Nandrolone-induced nuclear accumulation of MyoD protein is mediated by Numb, a Notch inhibitor, in C2C12 myoblasts.

Signaling via the androgen receptor (AR) stimulates myogenic progenitor differentiation. In addition, myogenic differentiation factor D (MyoD) and Numb, a Notch inhibitor, play key roles in regulating myogenic differentiation. Nandrolone, an anabolic steroid, upregulates both MyoD and Numb expression in myogenic cells. However, the molecular mechanisms by which MyoD is upregulated by nandrolone are unclear. Moreover, the potential crosstalk between nandrolone, MyoD, and Numb is not well understood. With these considerations in mind, we examined the effects of nandrolone on the expression of MyoD mRNA and protein, and determined the interactions of MyoD and Numb in the presence or absence of nandrolone in differentiating C2C12 myoblasts.
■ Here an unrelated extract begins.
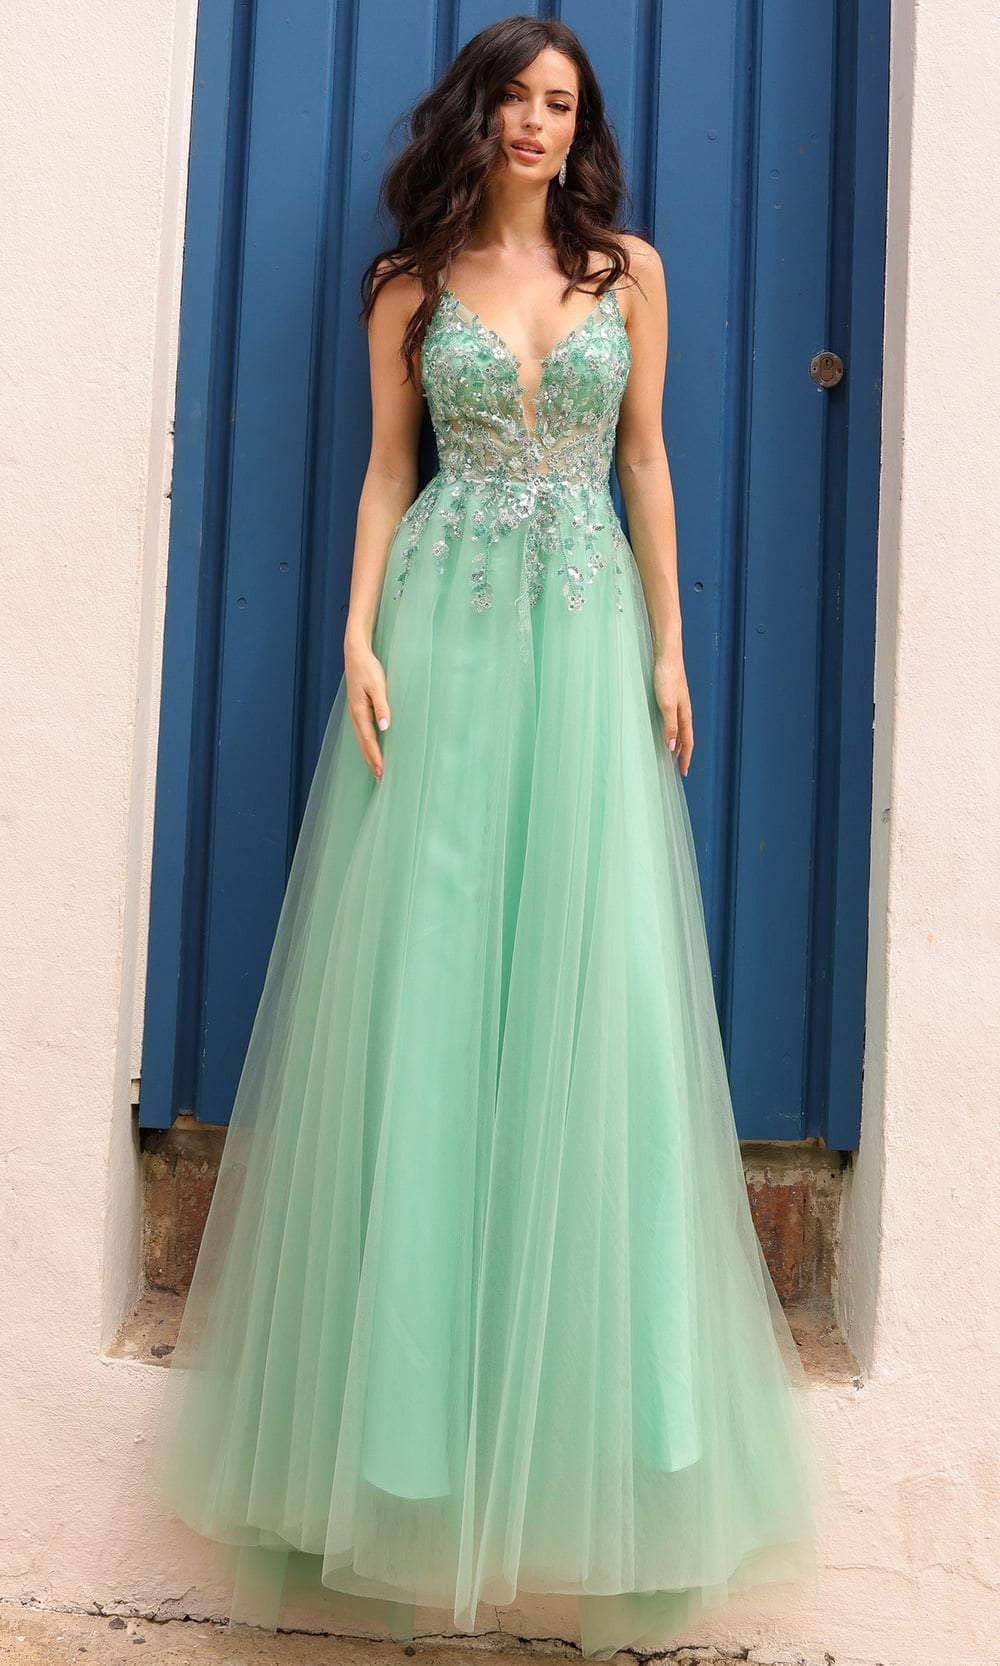 Image of Nox Anabel Q1391 - Illusion Embroidered A-Line Prom Dress

Nandrolone increased MyoD mRNA and protein expression and significantly enhanced nuclear translocation of MyoD protein. The later effect of nandrolone was blunted by siRNA against Numb. Immunoprecipitation (IP) studies confirmed that Numb forms complexes with MyoD. Chromatin IP revealed that in the presence of nandrolone, Numb is recruited to a region of the MyH7 promotor containing the E-box to which MyoD binds. These data indicate that nandrolone-regulated MyoD activation occurs mainly through a posttranslational mechanism which promotes MyoD nuclear accumulation, and suggest that this effect of nandrolone is, at least in part, mediated by Numb. Published 2018. This article is a U.S. Government work and is in the public domain in the USA. Physiological Reports published by Wiley Periodicals, Inc. on behalf of The Physiological Society and the American Physiological Society.

Introduction

Skeletal muscle fibers are highly adaptable to changes in neuromuscular transmission and atrophy in response to either disuse or denervation (Sandri 2008). MyoD occupies a key role in differentiation of myogenic precursors. It regulates myogenic fate commitment and induces myoblast differentiation. MyoD is a nuclear protein expressed exclusively in skeletal muscle cells and acts as a transcriptional activator of muscle‐specific gene expression during muscle differentiation (Olson 1990; Weintraub et al. 1991). MyoD belongs to the family of muscle‐specific basic helix‐loop‐helix (HLH) proteins. Dimerization between MyoD and HLH proteins, such as the product of E2A gene, is essential for sequence‐specific DNA binding and subsequent transcriptional activation (Murre et al. 1989). Indeed, MyoD has been reported to have a nuclear localization in different cell lines (Tapscott et al. 1988) as well as in MyoD‐transfected cells (Dias et al. 1992), which is in agreement with its transcriptional activity. In addition, two nuclear localization signals (NLSs), one present in the basic region and the other in the helix 1 domain of MyoD protein, have been demonstrated to be functional in promoting the active nuclear transport of MyoD (Vandromme et al. 1995). The nuclear import of MyoD is a rapid and active process, being ATP‐ and temperature‐dependent (Nigg et al. 1991; Vandromme et al. 1995), which has been reported to be mediated by cAMP‐dependent protein kinase activity (Vandromme et al. 1994). Although these reports reveal that MyoD functions as a nuclear transcriptional factor, the question regarding the regulation of differentiation stage‐dependent intracellular localization of MyoD needs to be further investigated.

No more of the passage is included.